You can use mod_pagespeed to automatically optimize websites that use Nginx or Apache. Installing the module is pretty easy, regardless of what webserver you use. Mod_pagespeed can significantly improve the page load time of most websites and the default filters and optimizations used are totally safe for like 99.99% of websites out there.

mod_pagespeed will parse html before the user's browser recieves anything, pagespeed with apply compression, rewrite images, and perform other optimizations that reduce the amount of requests it takes to load a page and to reduce the page size.
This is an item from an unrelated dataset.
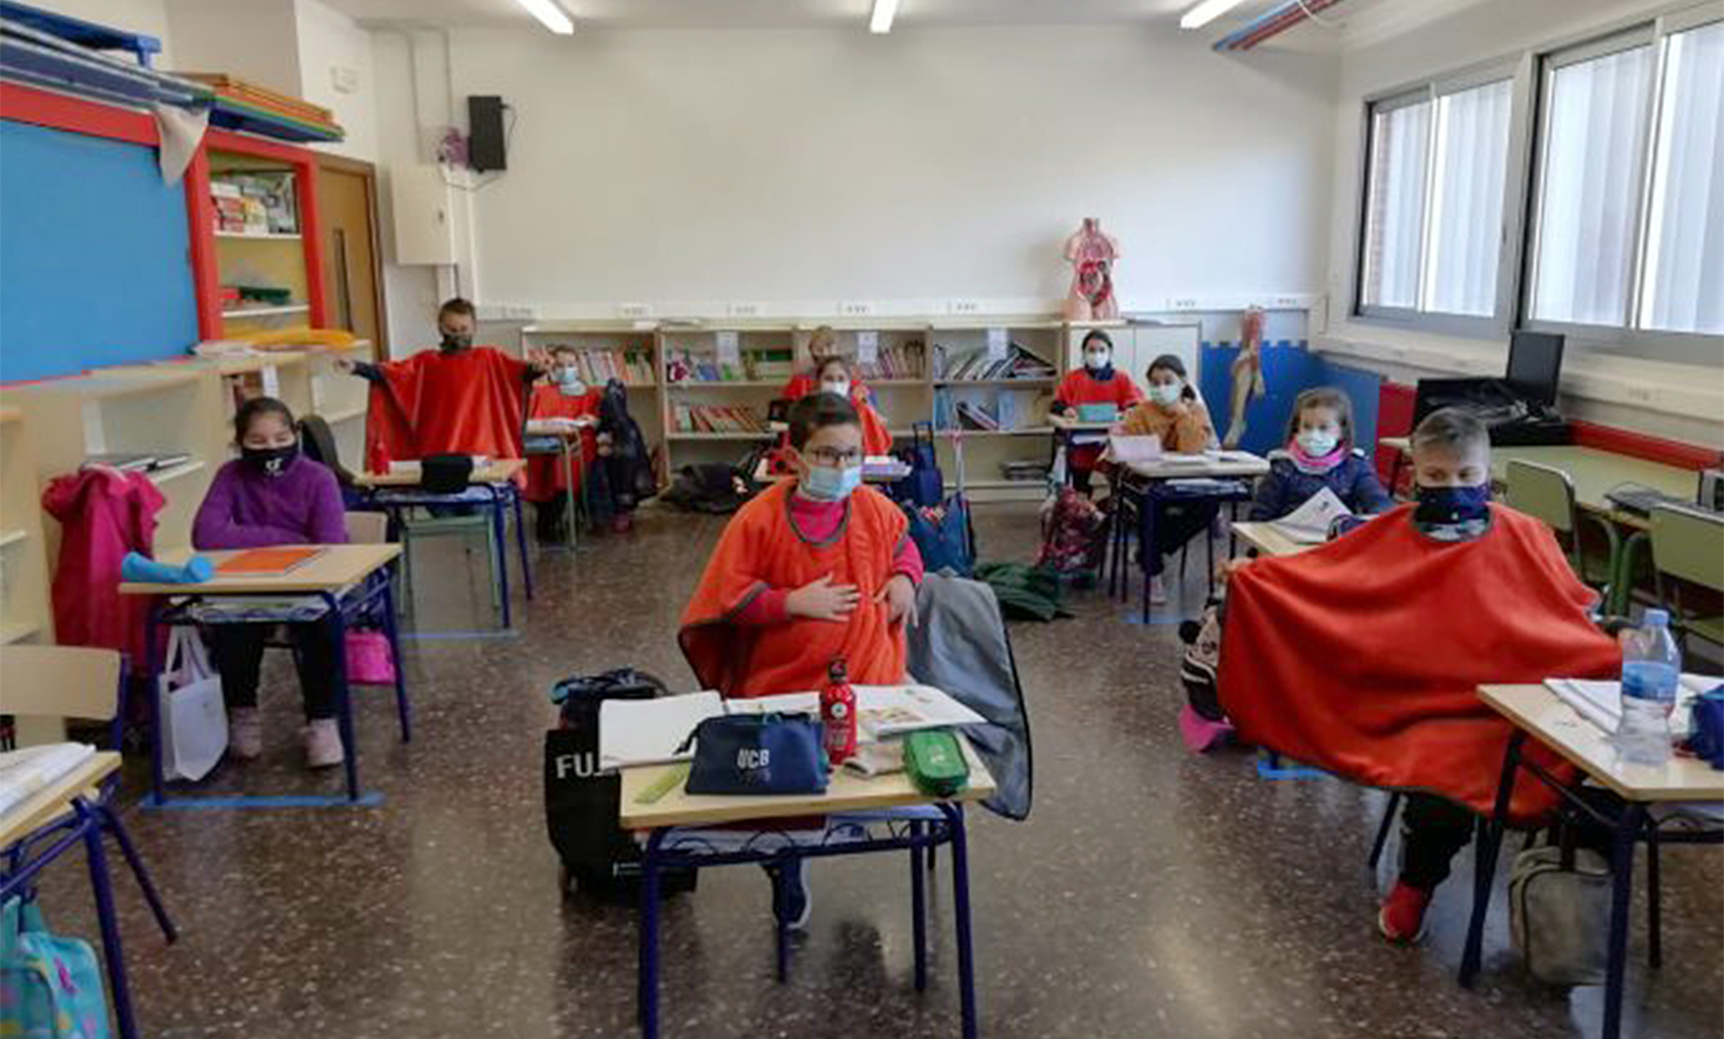 Alumnos de un centro educativo en Nules se protegen con mantas por el fr�o.

Not only does mod_pagespeed handle all the best practices for your website, it also utilizes a file system cache that it can pull from so Apache isn't always optimizing the same files over and over again.

The filesystem cache is enabled by default and must remain enabled for mod_pagespeed to work correctly. In addition to the file system cache you can also configure pagespeed to use a Shared Memory Cache for metadata which can be used by all Apache processes (and thread if you use Event). If two caches aren't good enough for you then you can also enable the PER Apache Process LRU cache, which gives each Apache process it's own cache to store small files in.

On top of all those caches, you can also enable the use of Memcached for even more caching. Confused? I was too at first, with so many caches and possible configuration options, it seems overwhelming at first, but I will cover all the caches in their own section below to hopefully explain how they all work together to make your site fast.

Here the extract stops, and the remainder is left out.